Heinzen, who owns a home and 20 acres along Hannacroix Creek just south of the port property, fears that what has been a quiet stretch of river is being drastically remade into an industrial site.
Carver Companies, the firm that operates the Port of Coeymans, didn’t respond to a request for comment.
Newburgh may be less problematic. Plans there call for the use of the site of a derelict steel fabrication plant on a site that is already industrial.
And the waterfront is deep enough that dredging might not be needed, say supporters of the proposal.
“Our entire waterfront in Newburgh is deep water,” said Maureen Hallahan, President and CEO of Orange County Partnership, an economic development organization.
Less certain is what may develop in East Greenbush or Rensselaer.
Things may become clearer later this year when the New York State Energy Research and Development agency selects the winners in a “solicitation,” or round of proposals by wind developers, who want to build wind farms off Long Island.
It is the third round of projects being let by NYSERDA.
(The MarmenWelcon project in Albany and the Orsted/Riggs Distler program in Coeymans have already been selected to move forward in an earlier round of competitive bidding.)
Six international wind development groups have put in a total of eight major project bids. Included in those are more than 100 different proposals, or configurations, for how the wind farms would be built.
Companies that build towers and nacelles, such as General Electric, as well as overall developers including Orsted, National Grid and others are hoping to be chosen in that competition. That, in turn, will dictate how much activity develops at the various Hudson River ports.

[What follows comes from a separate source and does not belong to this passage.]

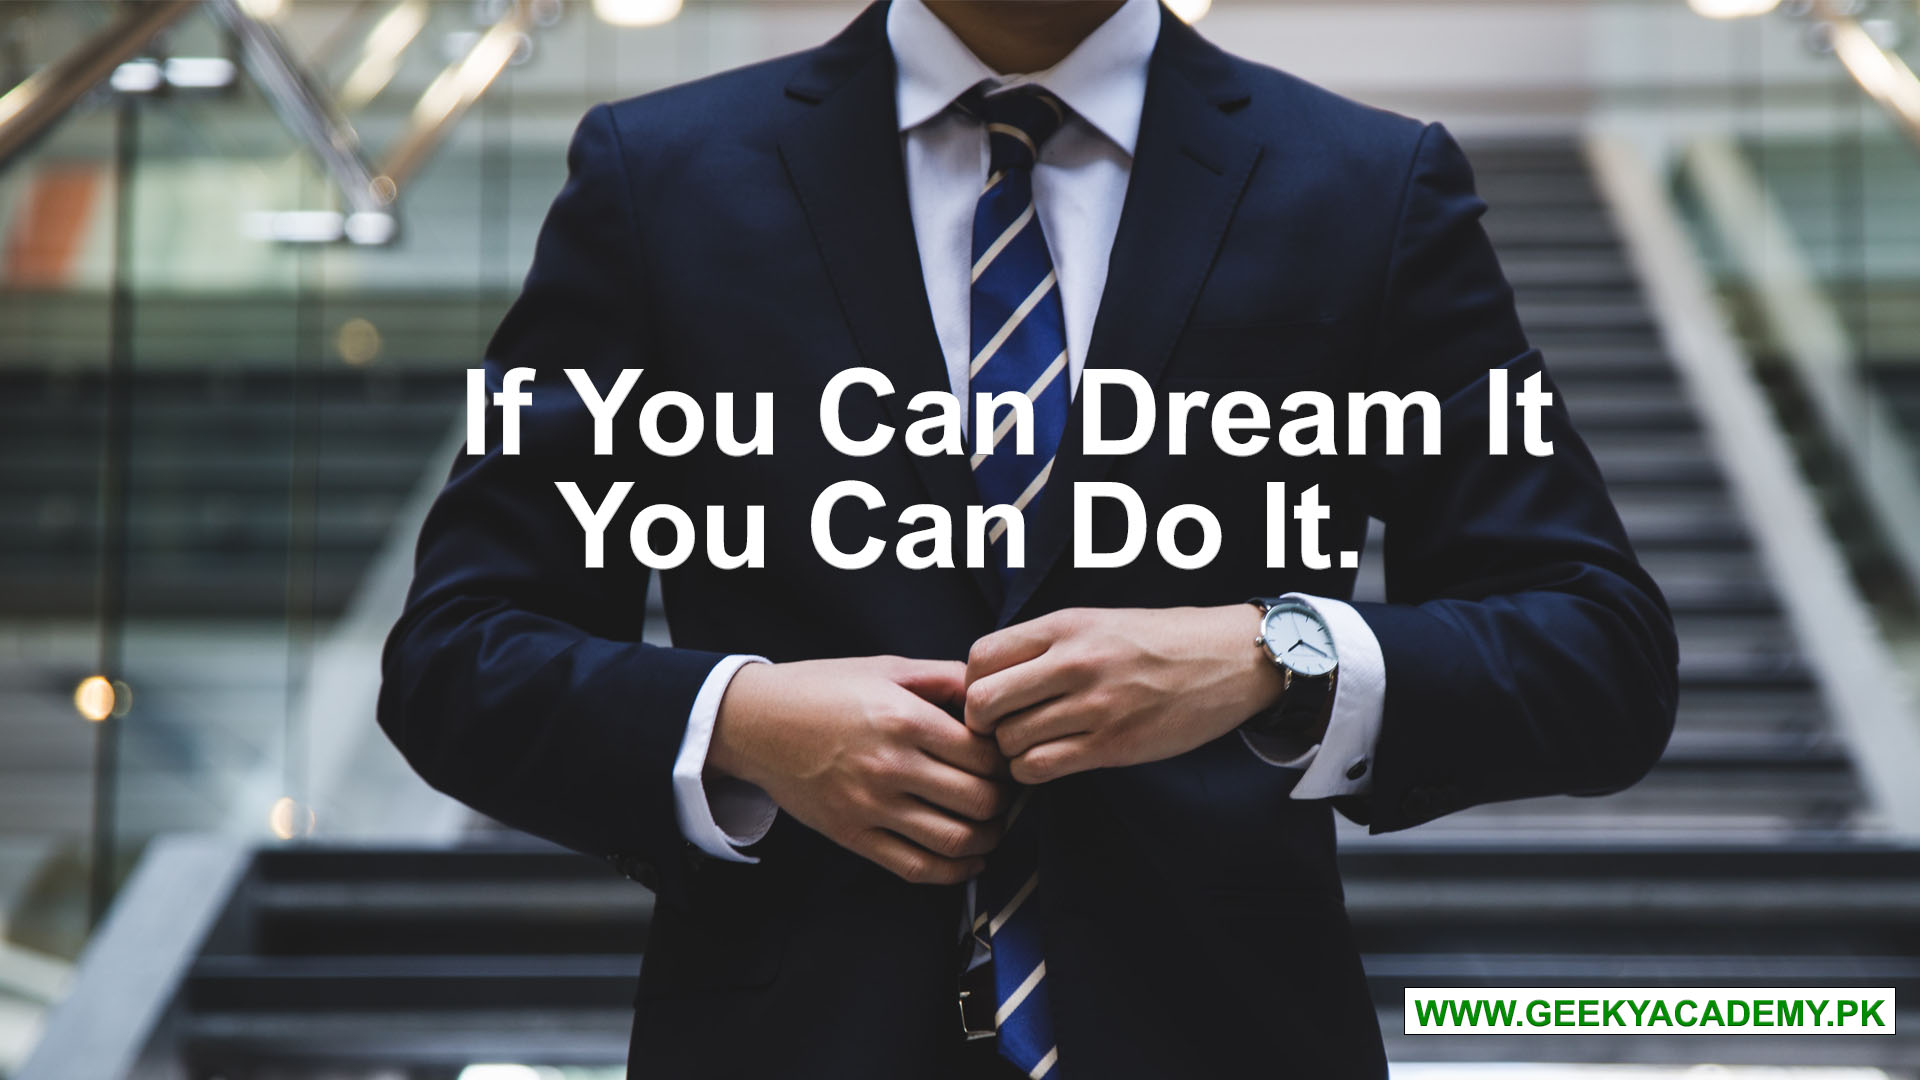 motivational quotes - If You Can Dream It You Can Do It

There have been twists and turns in this competition, especially when it comes to finances.
At the Port of Albany, CEO Rich Hendrick earlier this year said the cost of building the 590,000-square-foot wind tower plant on Beacon Island has risen from $350 million to $604 million due to inflation.
Gov. Kathy Hochul declined to add more money for the publicly-operated port in the state’s recently-passed 2023-24 budget.
To move forward, the Port of Albany will now need private investors to participate in the third solicitation.
The solicitations or bids, are secret. While the bid deadline was in January, developers are adjusting their proposals thanks to the federal Inflation Reduction Act.
The law, passed last year by Congress, includes changes in the tax code that could impact the bids.
NYSERDA said they expect to open the bids this summer, although others believe it could come in late September, during New York City’s Climate Week, which aims to focus on climate issues.
And the solicitation rules have changed.
Cognizant of the rising costs that have plagued the Port of Albany, the new bids contain language that allows for an escalator, or an inflation factor.
That would essentially let bidders increase their price if the cost of “labor, fabrication materials, steel, fuel and copper,” rises after the bids are awarded.
“The developers have had the opportunities to see which way the market is trending and costs for supplies is increasing,” remarked Fred Zalcman, director of the NY Offshore Wind Alliance, a trade group representing the industry.
Those costs will ultimately be passed on to ratepayers.
Finances will no doubt have an impact on offshore wind development and that in turn could dictate the level of activity on the river’s ports.
But activists like Lipscomb say they also plan to remain focused on making sure wind doesn’t unfold in a way that would damage the river environment.
“We want to be part of the conversation,” he said.